With the pictures left aside, write out exactly the lines of the listing below from the line with "Industrial POE Switch Series" to the line with "WNU Help The", both included, and only those.
Segment Start: Provided material
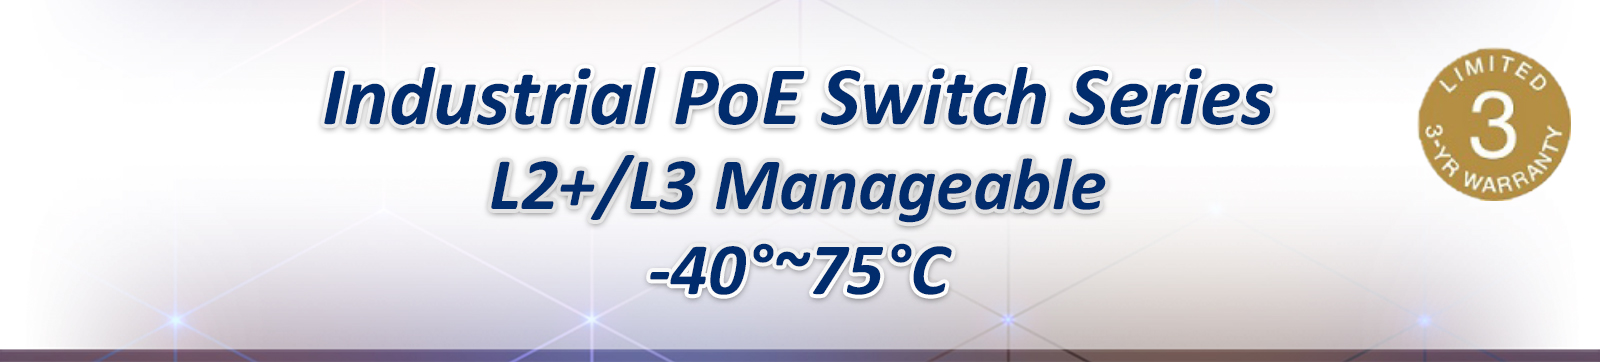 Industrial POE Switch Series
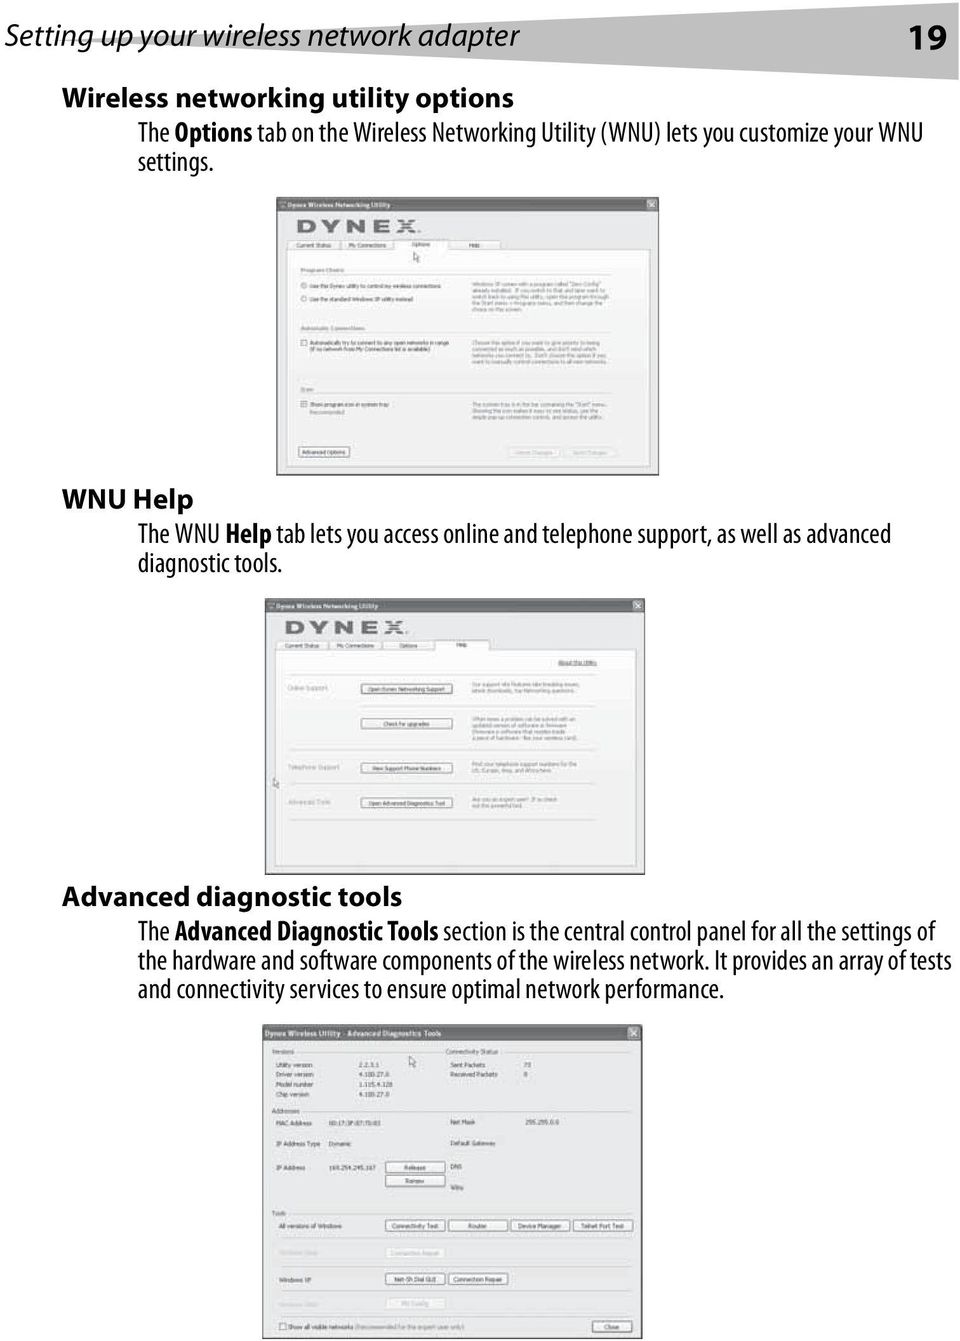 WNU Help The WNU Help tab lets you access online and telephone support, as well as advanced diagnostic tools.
Segment End: Provided material
Segment Start: Provided material
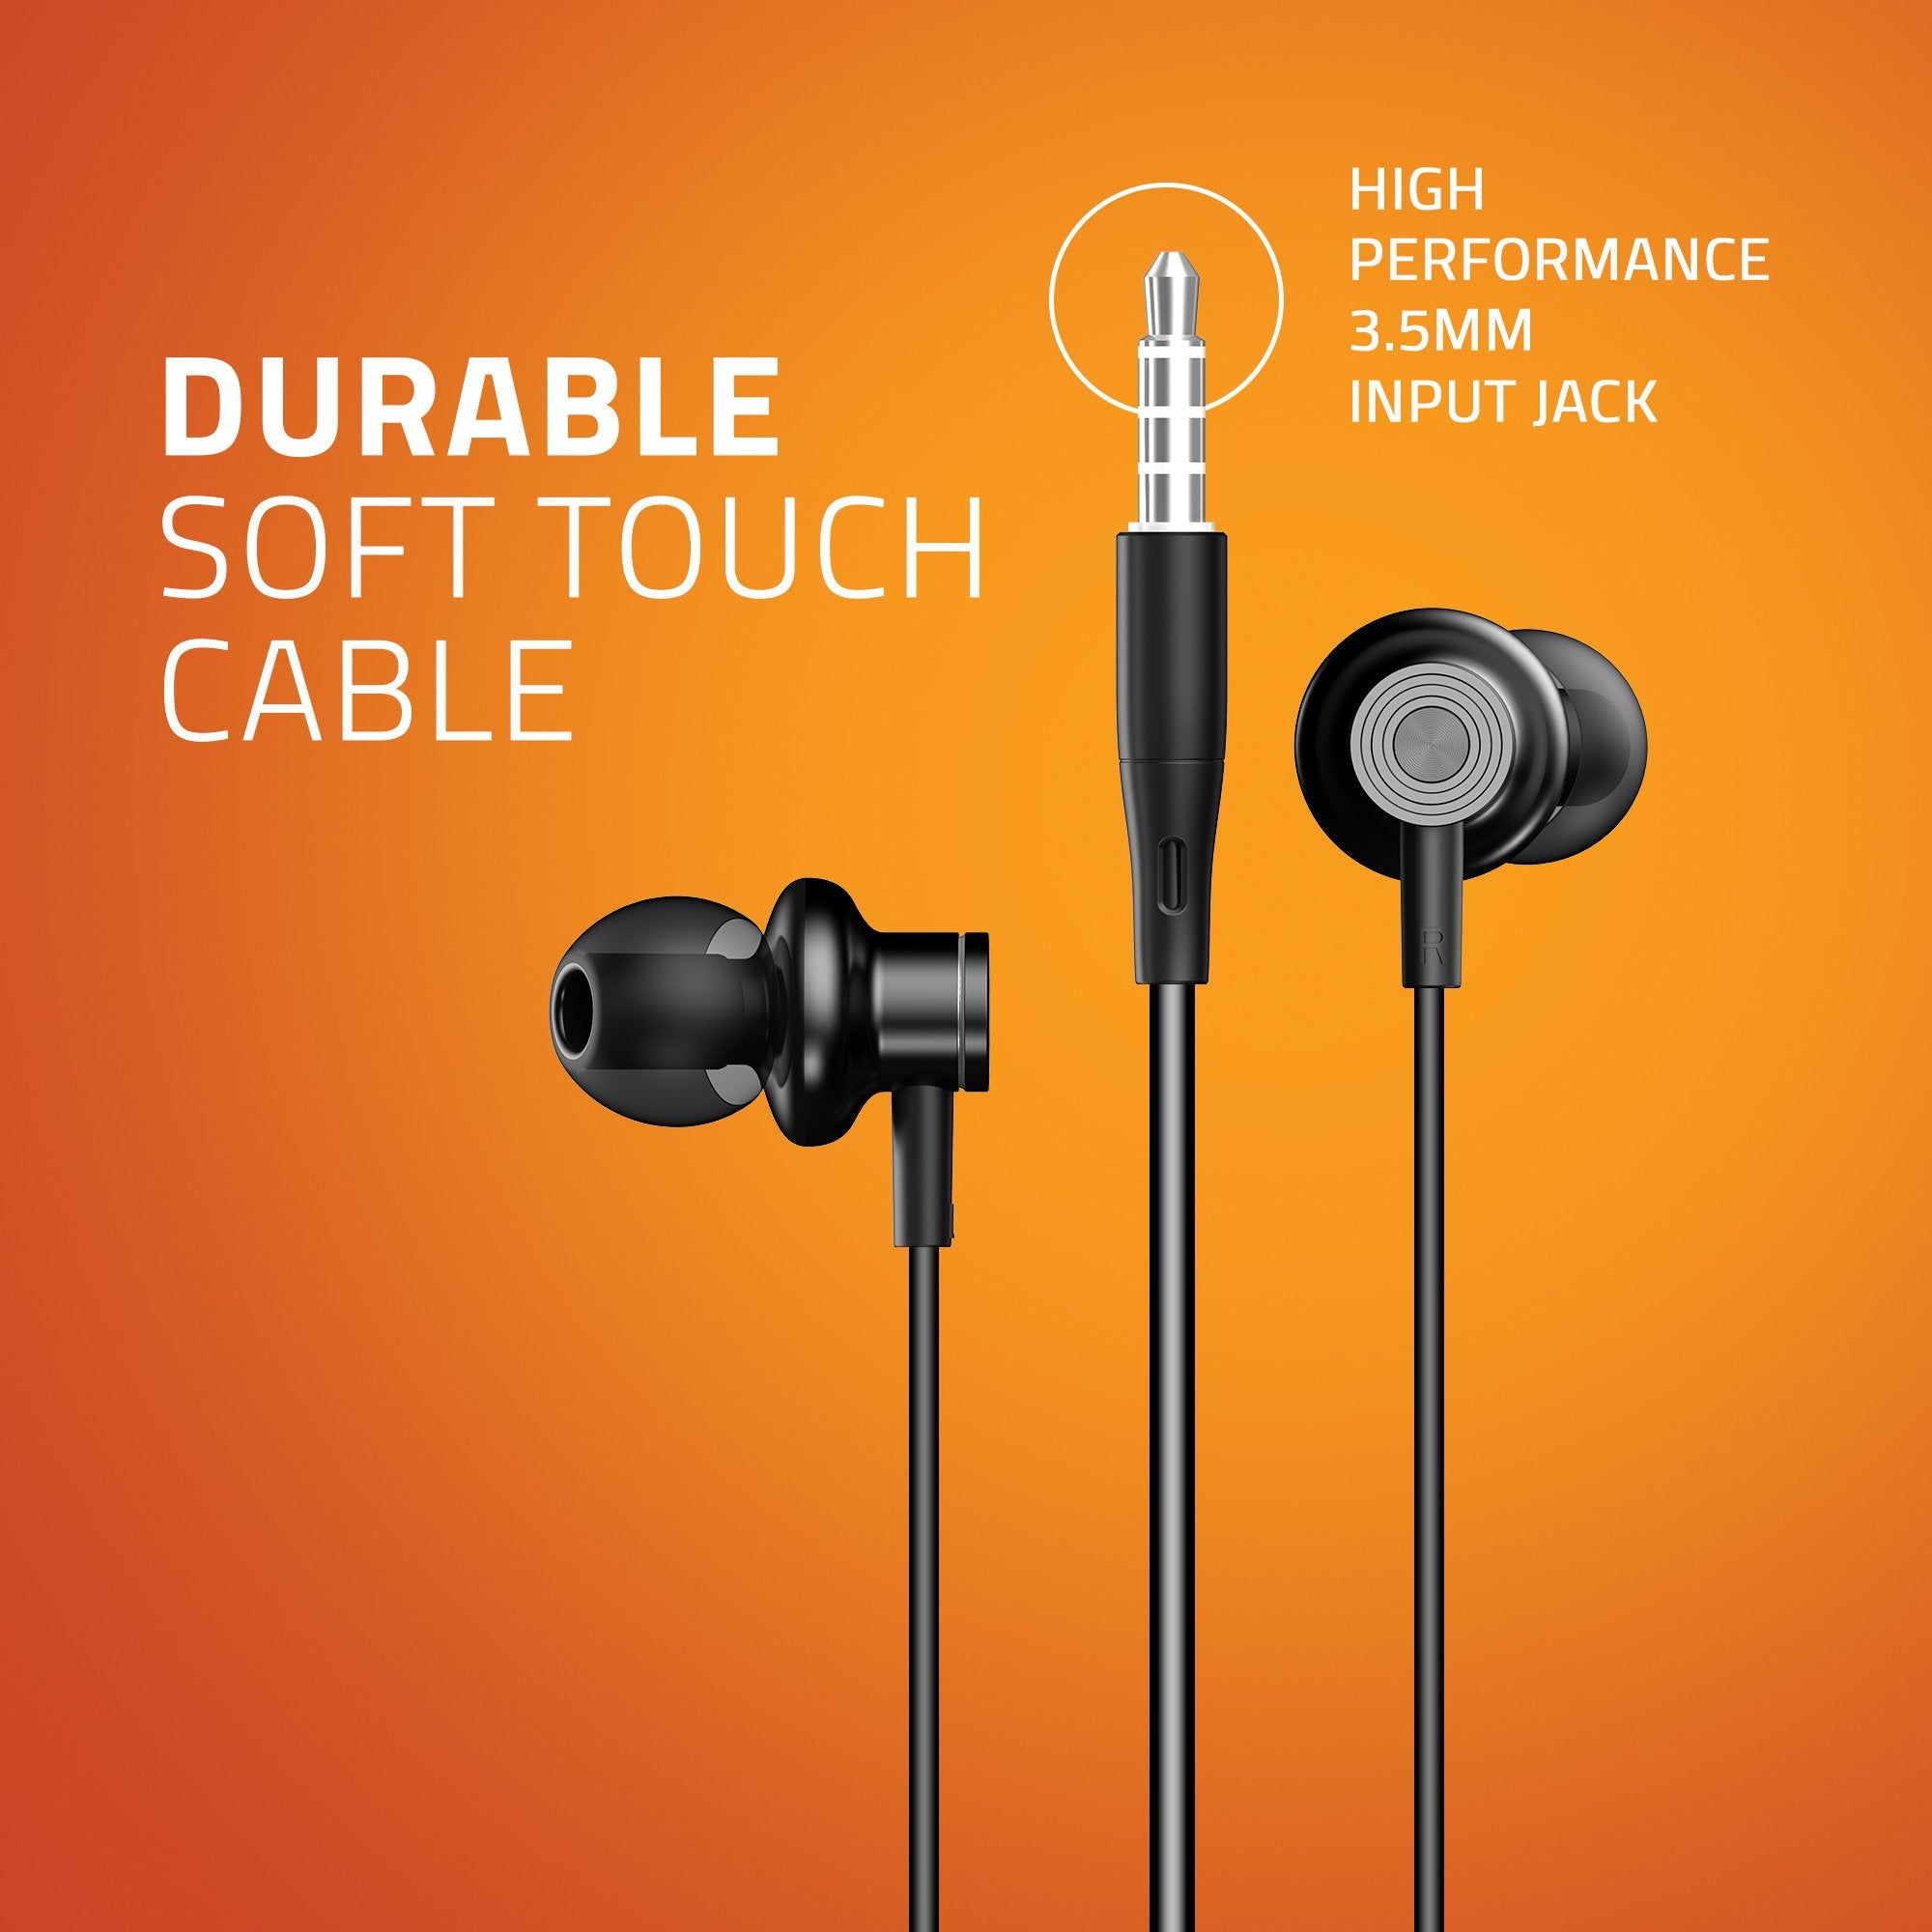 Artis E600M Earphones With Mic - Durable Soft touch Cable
Segment End: Provided material
* **Exercise result**
 Industrial POE Switch Series
 WNU Help The WNU Help tab lets you access online and telephone support, as well as advanced diagnostic tools.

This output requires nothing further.